Dat [gedaagde in conventie] in het verleden met een andere websitebouwer heeft samengewerkt, ontslaat [eiseres in conventie] niet van zijn eigen verantwoordelijkheid. Als de professionele partij in de rechtsverhouding, was het aan [eiseres in conventie] om bij de uitvoering van zijn werkzaamheden tegenover [gedaagde in conventie] de zorg te betrachten die van een redelijk bekwaam en redelijk handelend IT-deskundige kan worden gevergd. Door zich enkel op het standpunt te stellen dat wat [gedaagde in conventie] aanleverde niet voldeed, maar haar niet adequaat te informeren hoe en op welke wijze het aanleveren van informatie wel zou voldoen, heeft [eiseres in conventie] niet aan zijn zorgplicht voldaan. Voor zover al juist is dat de door [gedaagde in conventie] aangeleverde informatie niet voldeed, kan onder deze omstandigheden niet gezegd worden dat [gedaagde in conventie] de nakoming van de opdracht verhinderd heeft. Het beroep op schuldeisersverzuim kan daarom niet slagen.

4.16.

Dat [gedaagde in conventie] vervolgens met een andere websitebouwer in zee is gegaan en de bestanden alsnog door een daarin gespecialiseerd bedrijf heeft laten digitaliseren, doet aan het voorgaande niets af.

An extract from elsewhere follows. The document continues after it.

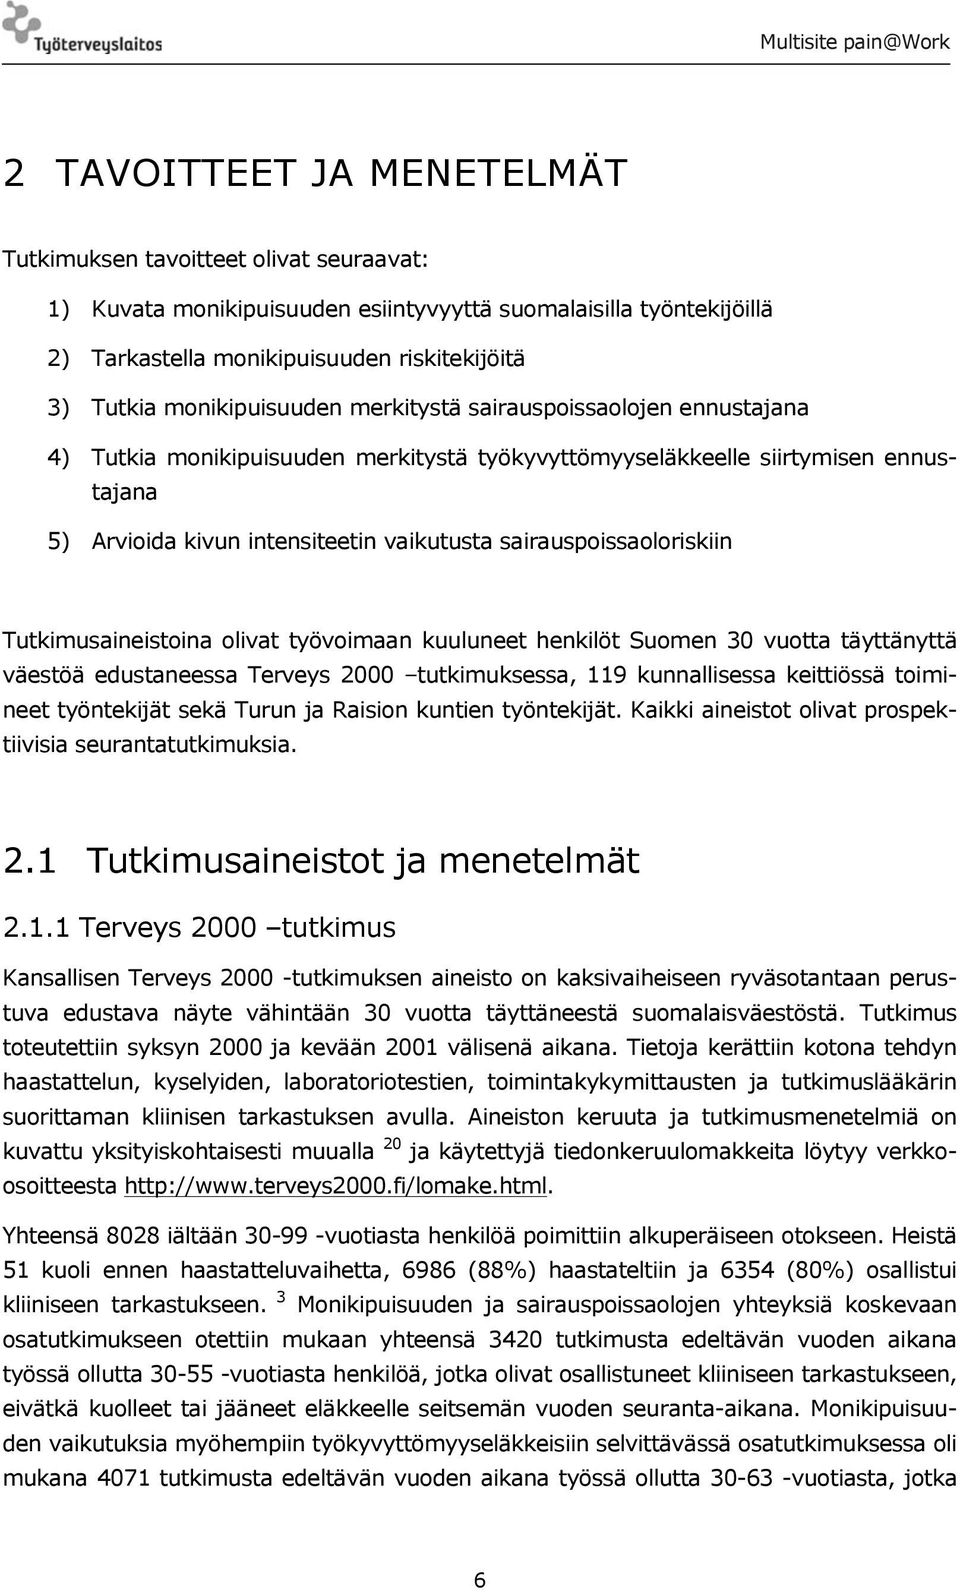 sairauspoissaoloriskiin Tutkimusaineistoina olivat työvoimaan kuuluneet henkilöt Suomen 30 vuotta täyttänyttä väestöä edustaneessa Terveys 2000 tutkimuksessa, 119 kunnallisessa keittiössä toimineet

Kennelijk heeft deze websitebouwer [gedaagde in conventie] wel duidelijk geïnformeerd over de digitalisering en wat daarvoor benodigd was, hetgeen [eiseres in conventie] niet, althans onvoldoende heeft gedaan.

Conclusie schuldeisersverzuim en buitengerechtelijke ontbinding

4.17.

Uit het voorgaande volgt dat aan de zijde van [gedaagde in conventie] geen sprake was van schuldeisersverzuim. Dat betekent dat [eiseres in conventie] niet bevoegd was om de uitvoering van zijn werkzaamheden op te schorten dan wel te beëindigen.

4.18.

[eiseres in conventie] is tekort geschoten in de nakoming van zijn verplichting om een werkende website op te leveren. De brief van 1 juli 2020 zijdens [gedaagde in conventie] is concreet over die tekortkoming en is een ingebrekestelling die voldoet aan de voorwaarden die de wet daaraan stelt (artikel 6:82 lid 1 BW). [eiseres in conventie] heeft niet voldaan aan deze sommatie en verkeerde dus sinds 15 juli 2020 in verzuim. [eiseres in conventie] heeft niet gesteld dat de tekortkoming in dit geval, gezien haar bijzondere aard of geringe betekenis ontbinding met haar gevolgen niet rechtvaardigt en dat is de rechtbank ook anderszins niet gebleken. Daarmee is voldaan aan alle vereisten voor een buitengerechtelijke ontbinding. De conclusie is dan ook dat [gedaagde in conventie] terecht de ontbinding van de overeenkomsten heeft ingeroepen.

4.19.

Op grond van artikel 6:267 lid 1 BW vindt een buitengerechtelijke ontbinding plaats door middel van een schriftelijke verklaring. De brief van 1 juli 2020 is dat niet. Ook de brief van 9 november 2020 met daarin een voorwaardelijke ontbindingsverklaring heeft [eiseres in conventie] , mede door het geruime tijdsverloop daarna, niet hoeven opvatten als een voldoende eenduidige ontbindingsverklaring. De ontbinding is pas eenduidig bij brief van 24 maart 2021 door [gedaagde in conventie] ingeroepen zodat in zoverre de onder I gevorderde verklaring voor recht zal worden toegewezen.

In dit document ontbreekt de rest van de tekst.